• **EXERCISE REQUIREMENTS**
An exact copy of the listing below is the answer, with the pictures removed.

• **DATA SECTION**
◆ ◆ ◆

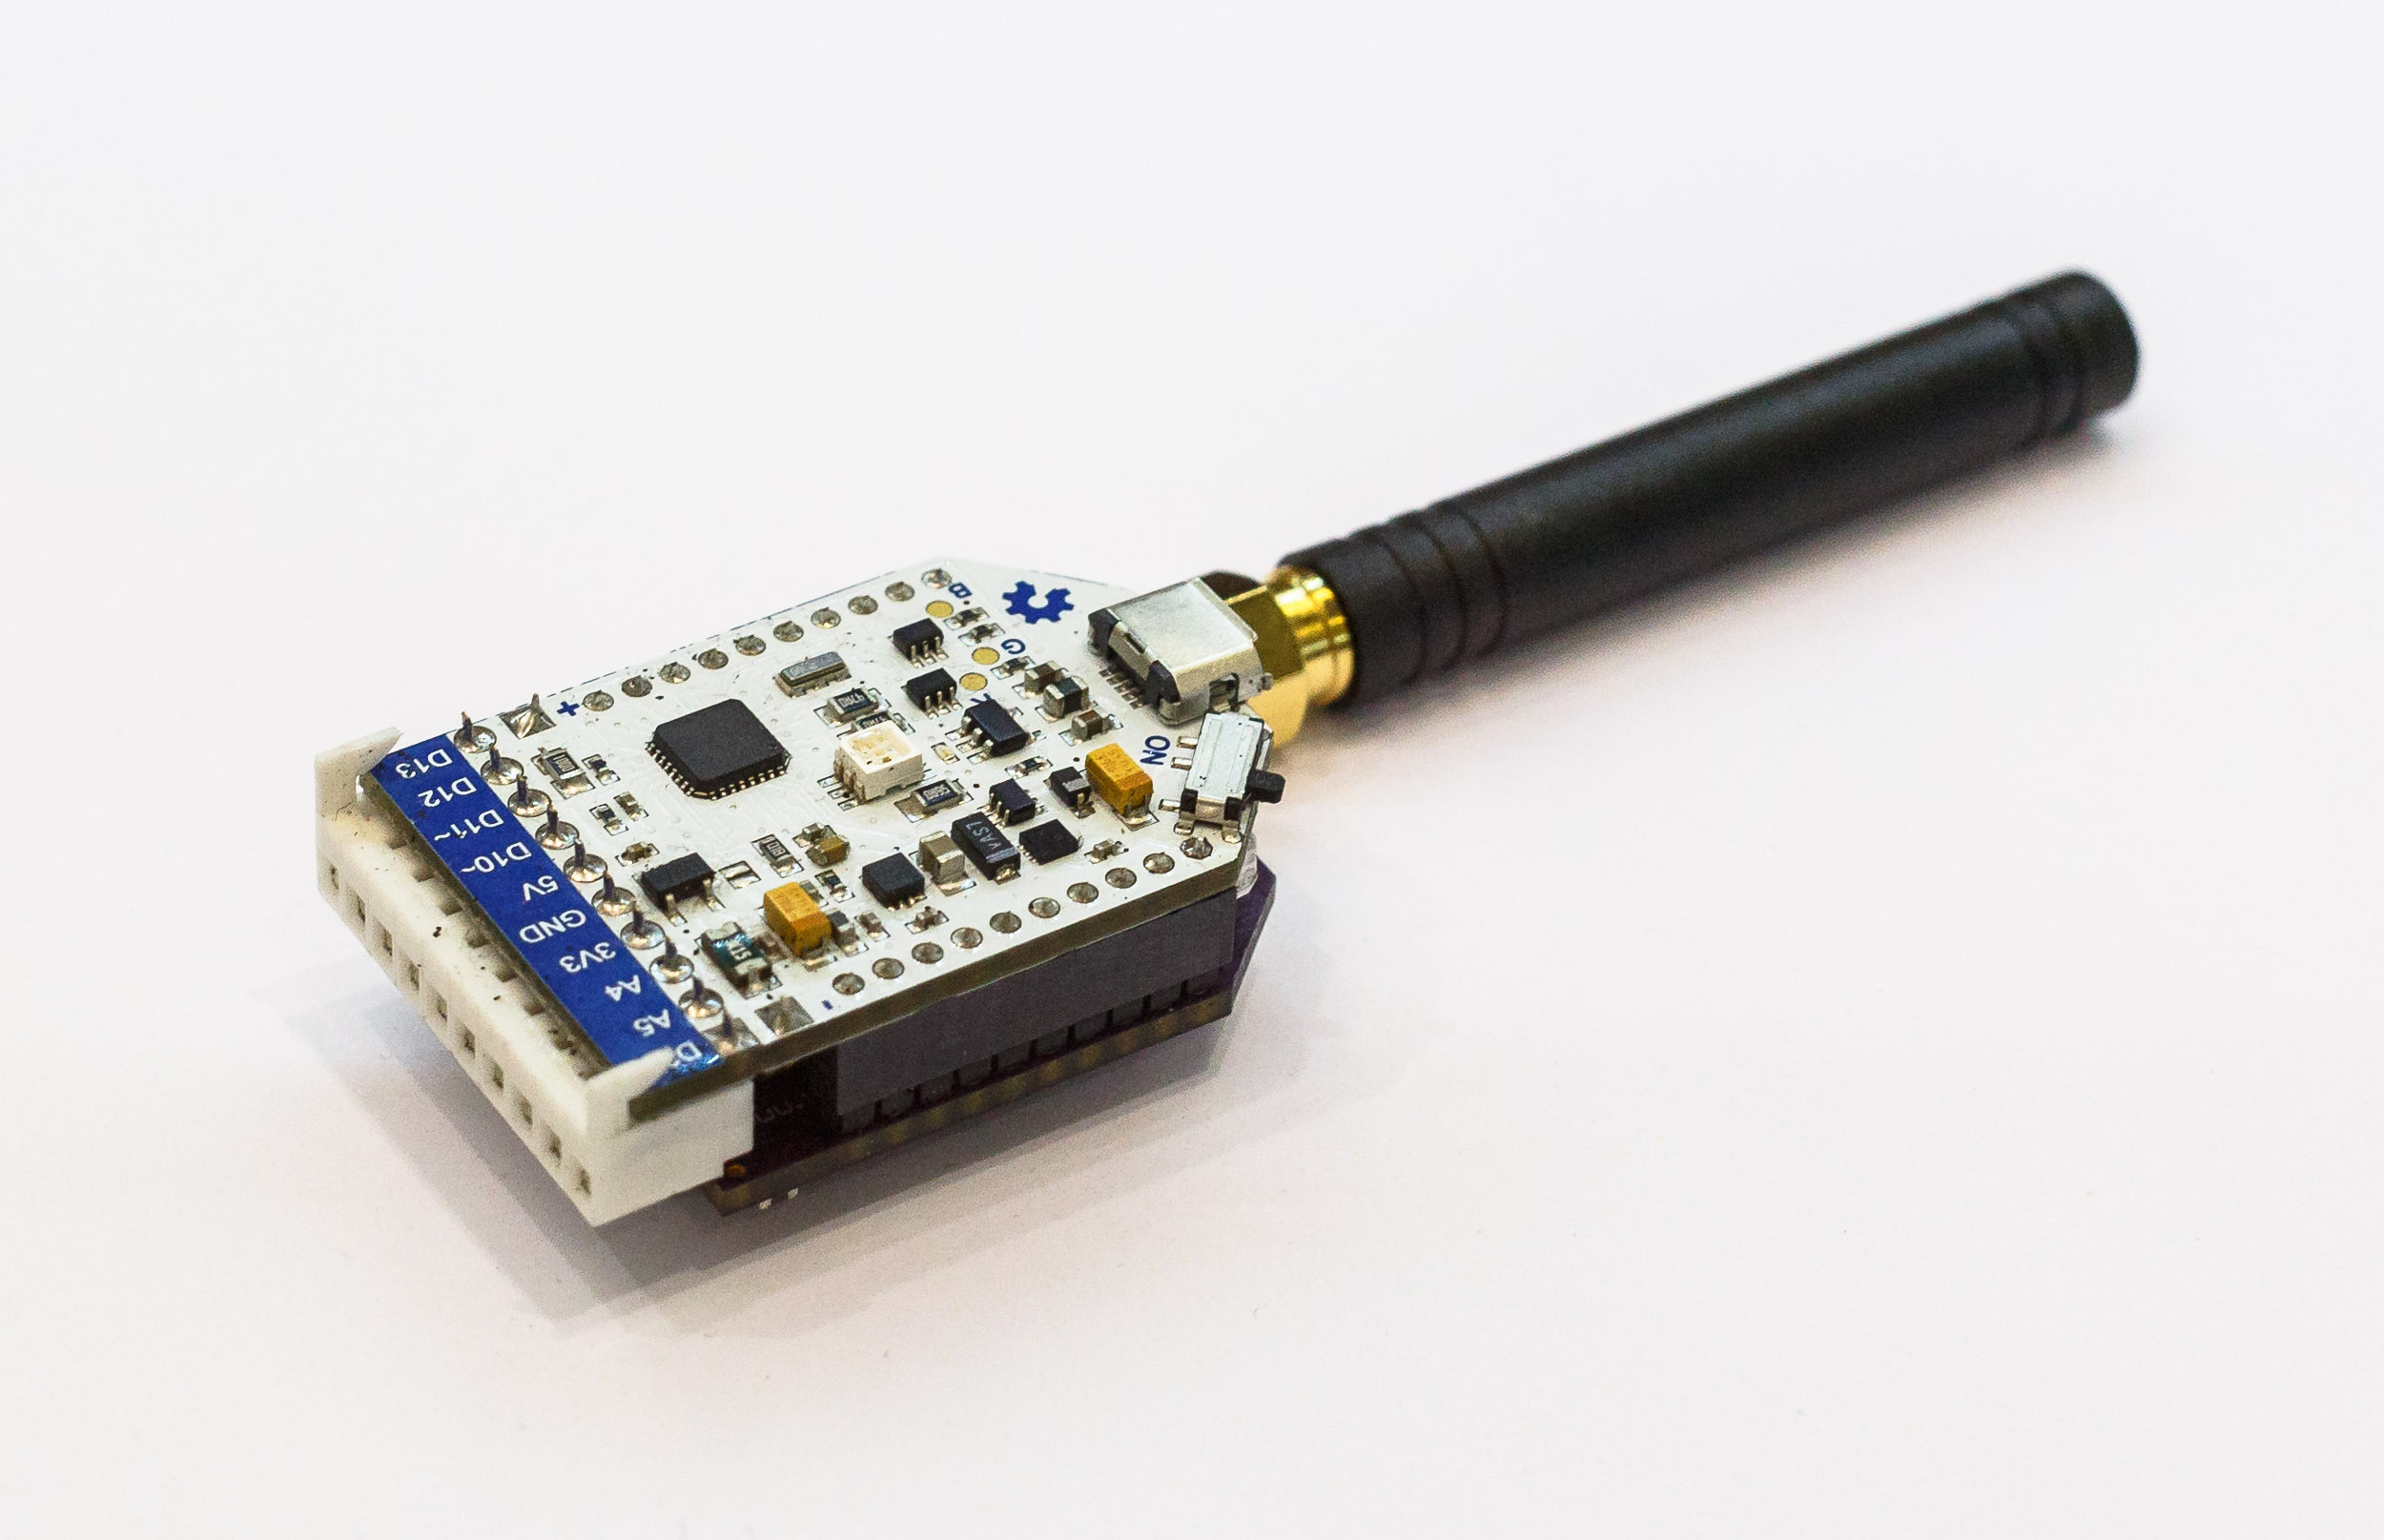 The Airboard is a super-small development device for people wanting to get started with Sigfox networking. It's geared for the hobbyist set who might want just a single device.
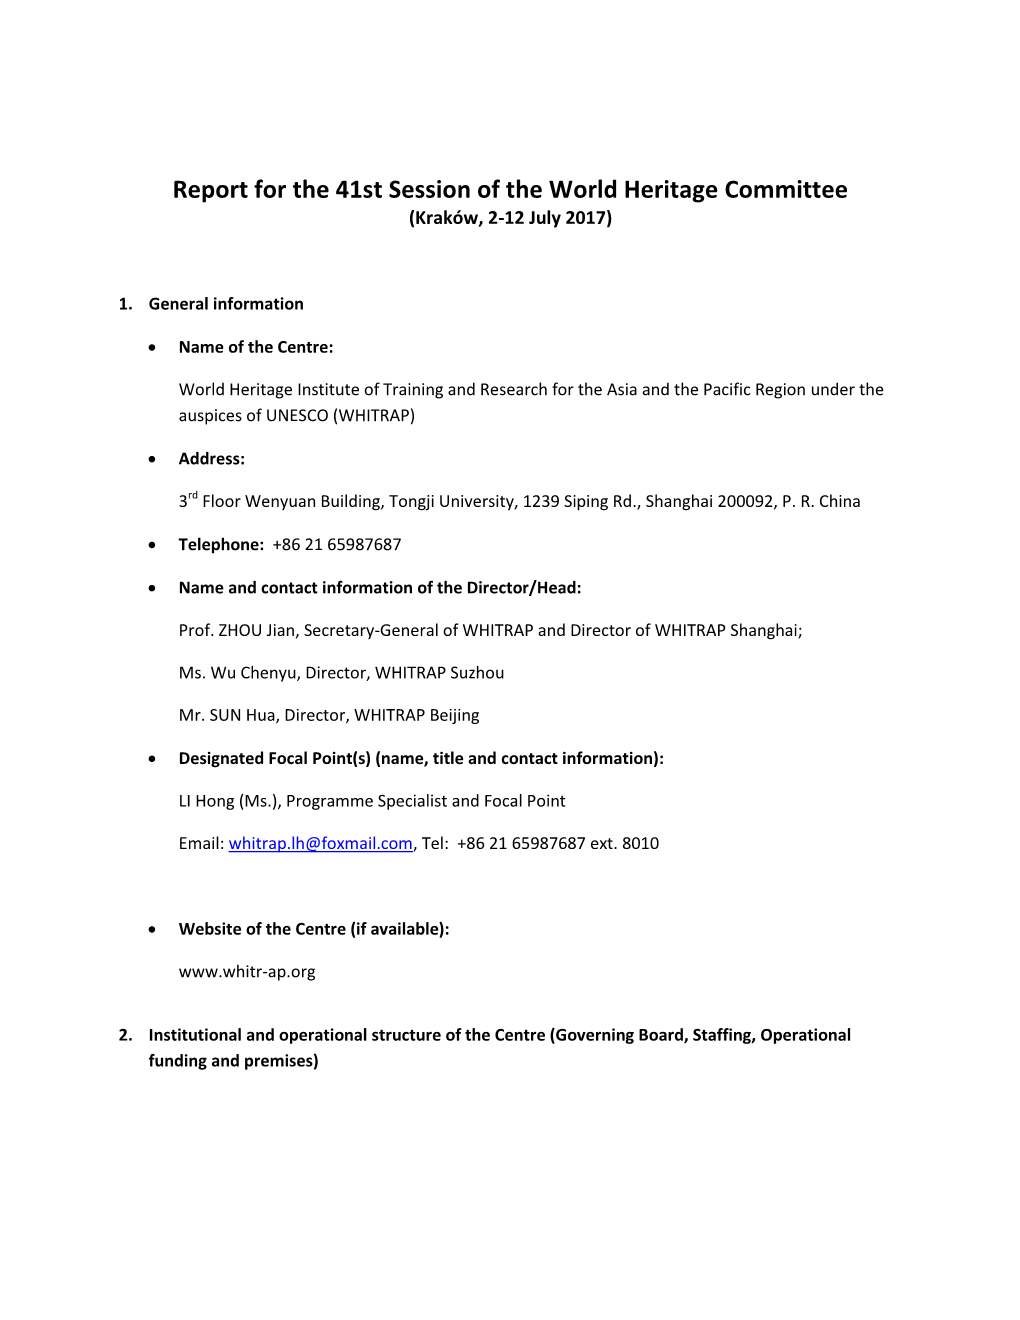 Report for the 41St Session of the World Heritage Committee (Kraków, 2-12 July 2017)
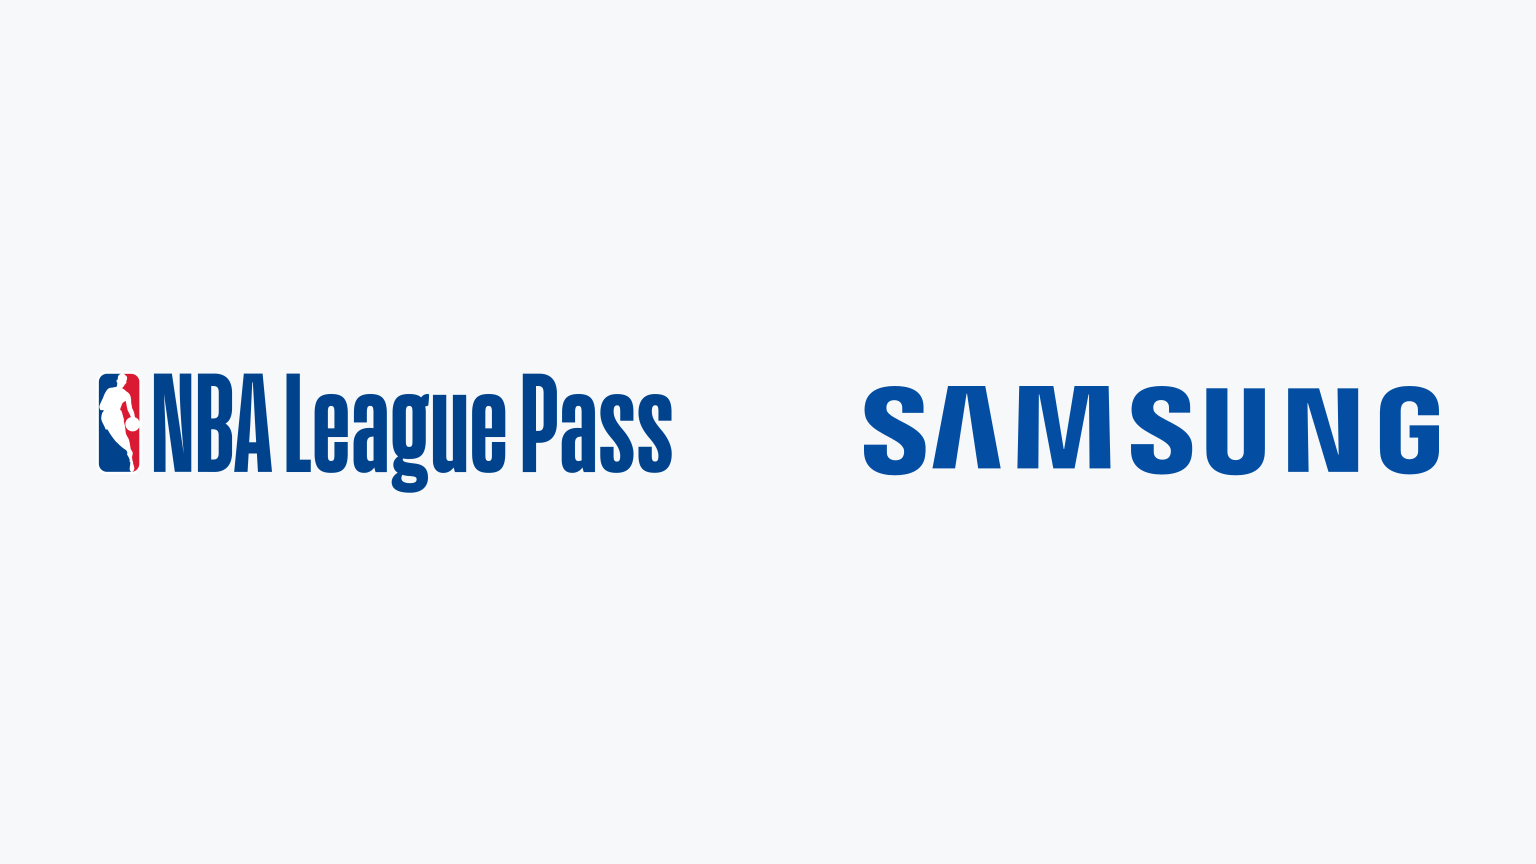 How to download nba league pass on samsung smart tv roses will bloom again mp3 download

◆ ◆ ◆

• **ANSWER BOX**
 The Airboard is a super-small development device for people wanting to get started with Sigfox networking. It's geared for the hobbyist set who might want just a single device.
 Report for the 41St Session of the World Heritage Committee (Kraków, 2-12 July 2017)
 How to download nba league pass on samsung smart tv roses will bloom again mp3 download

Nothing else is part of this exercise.